Atlanta Neighborhood Charter School Backpedals on Ditching the Pledge of Allegiance
The Principal of the Atlanta Neighborhood Charter School announced that she was scrapping the Pledge of Allegiance in favor of doing a student-created “Wolf Pack Chant.” She felt that the chant would be more “inclusive.”
That didn’t last long. By Thursday, August 9, the decision was reversed after the possibility of losing funding was dropped in their lap.
On August 7, according to Fox, the Atlanta Neighborhood Charter School stated that they were not going to recite the Pledge during the morning all school meeting, and instead, students would make their up own “wolf pack chant.”
How patriotic of them. Not. The school mascot for sports at the school is the wolf.
The school’s principal, Principal Lara Zelski, placed the announcment of the change on the school’s website, but it had not been brought up at any meetings, even the Board of Directors knew nothing of the plan.
“Teachers and the K-5 leadership team will be working with students to create a school pledge that we can say together at morning meeting… …focus on students’ civic responsibility to their school, family, community, country and our global society.” Lara Zelski
Legislators and others who found out about the announcment via social media instantly took exception to it.

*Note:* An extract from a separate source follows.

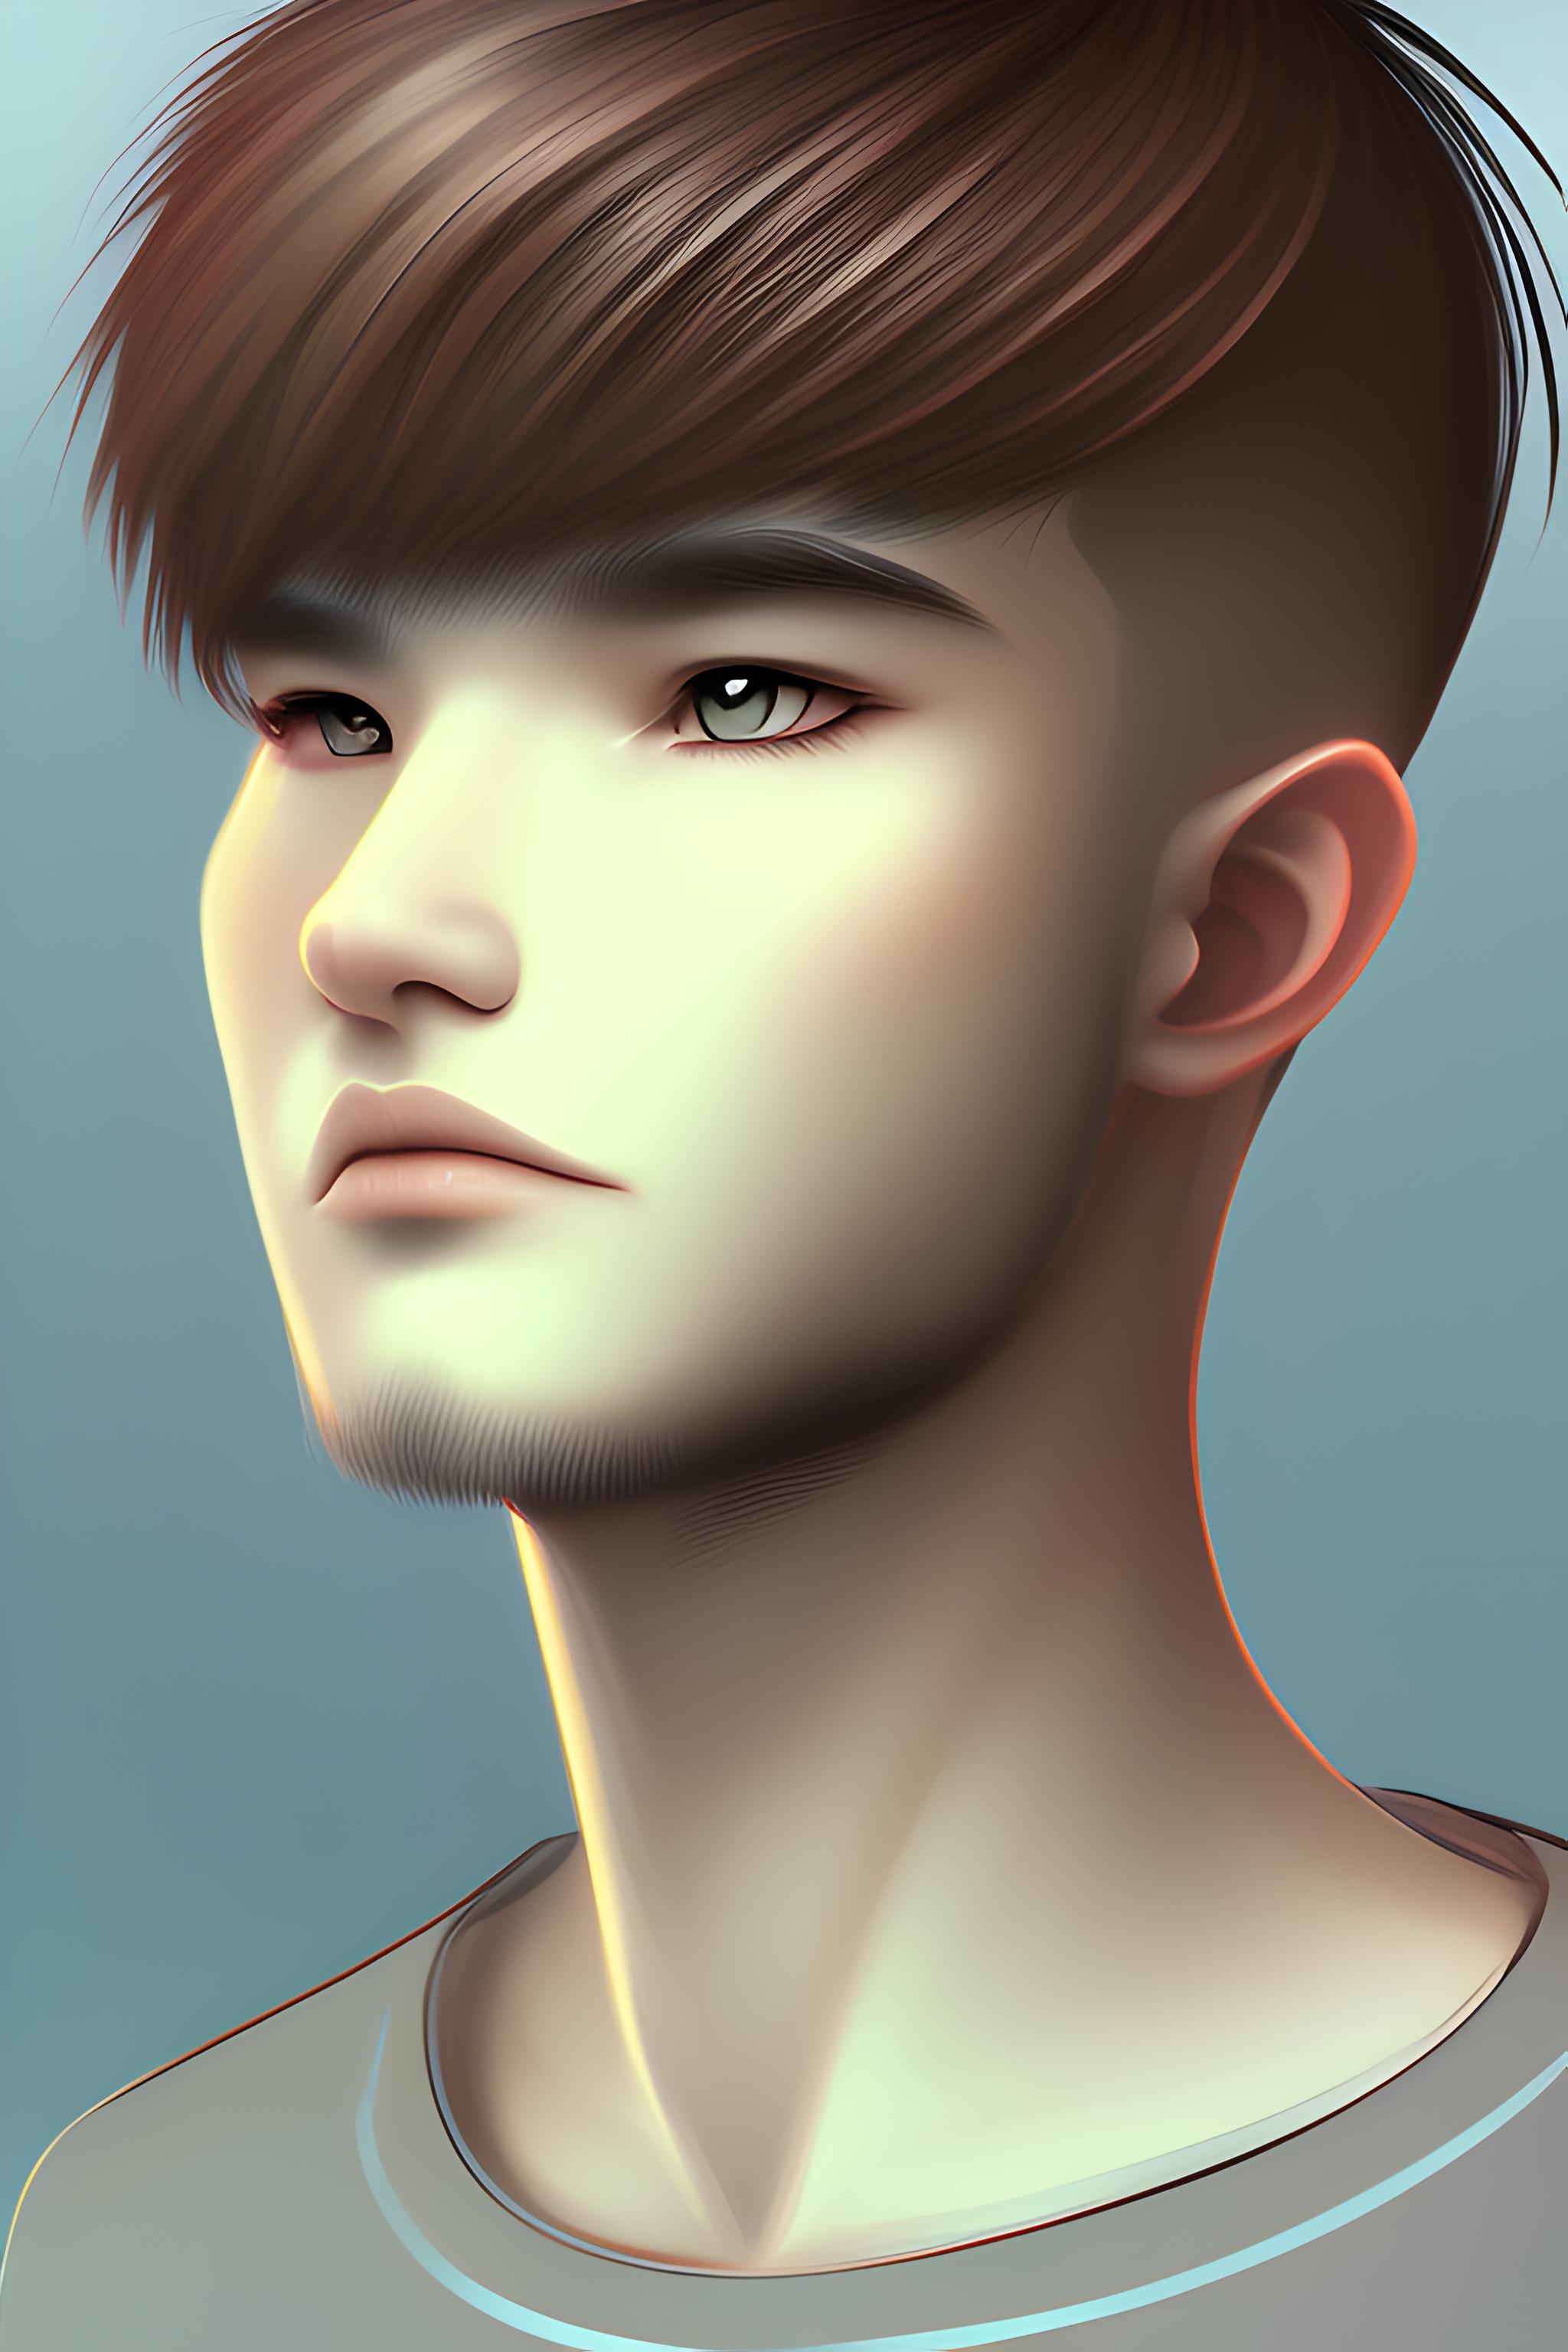 Boys Hairstyle Photo Editor - Free download and software reviews - CNET  Download

“I’m sure our House Education Committee will examine whether taxpayer funds should be used to instill such a divisive ideology in our students…If the school is going to accept public funding, then I think they have an obligation to, at least, have dialogue with the community.” Georgia House Speaker David Ralston (R)
Within a day, the announcement was taken down from the school’s website and replaced:
“In the past, the Pledge of Allegiance was recited during our all-school morning meeting, but at the start of the school year, the daily practice was moved to classrooms. This change was done in compliance with state law … and aligned Atlanta Neighborhood Charter School with most other schools in the state who also say the Pledge of Allegiance in individual classrooms.
However, it appears there was some miscommunication and inconsistency in the rollout. Starting next week, we will return to our original format and provide our students with the opportunity to recite the pledge during our all-school morning meeting.” Lia Santos
So was it just a misunderstanding? A “miscommunication?” Or a liberal school covering its rear end at the thought of losing money?